Macrophage-derived exosomal HMGB3 regulates silica-induced pulmonary inflammation by promoting M1 macrophage polarization and recruitment

Abstract

Background: Chronic inflammation and fibrosis are characteristics of silicosis, and the inflammatory mediators involved in silicosis have not been fully elucidated. Recently, macrophage-derived exosomes have been reported to be inflammatory modulators, but their role in silicosis has not been explored. The purpose of the present study was to investigate the role of macrophage-derived exosomal high mobility group box 3 (HMGB3) in silica-induced pulmonary inflammation.

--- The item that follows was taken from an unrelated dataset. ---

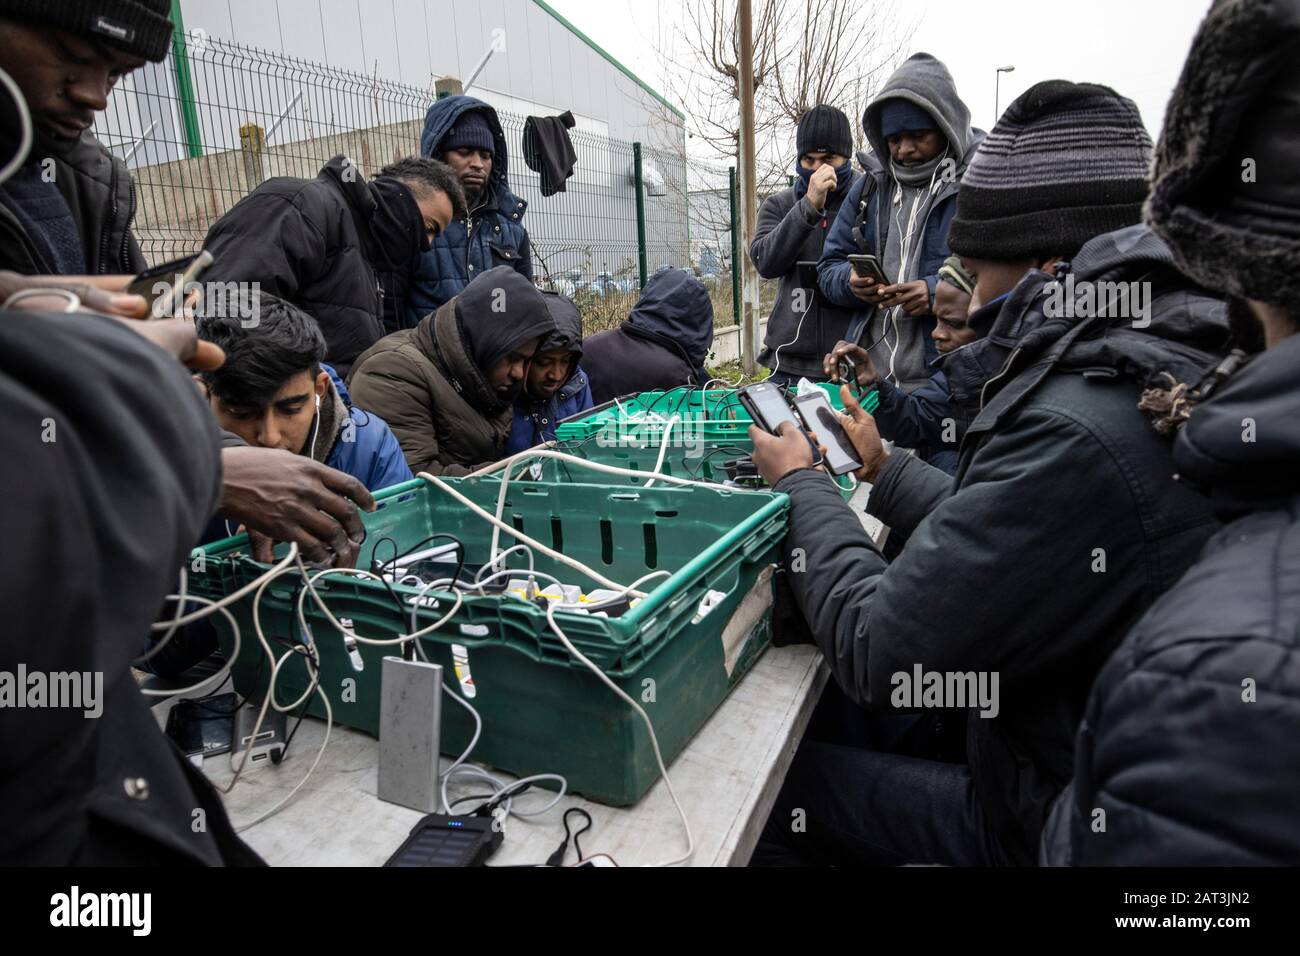 Migrants sleeping rough in the Calais illegal refugee camps on the outskirts of the Calais port seeking to cross the channel to the UK Stock Photo

Methods: The induction of the inflammatory response and the recruitment of monocytes/macrophages were evaluated by immunofluorescence, flow cytometry and transwell assays. The expression of inflammatory cytokines was examined by RT-PCR and ELISA, and the signalling pathways involved were examined by western blot analysis.

Results: HMGB3 expression was increased in exosomes derived from silica-exposed macrophages. Exosomal HMGB3 significantly upregulated the expression of inflammatory cytokines, activated the STAT3/MAPK (ERK1/2 and p38)/NF-κB pathways in monocytes/macrophages, and promoted the migration of these cells by CCR2.

Conclusions: Exosomal HMGB3 is a proinflammatory modulator of silica-induced inflammation that promotes the inflammatory response and recruitment of monocytes/macrophages by regulating the activation of the STAT3/MAPK/NF-κB/CCR2 pathways.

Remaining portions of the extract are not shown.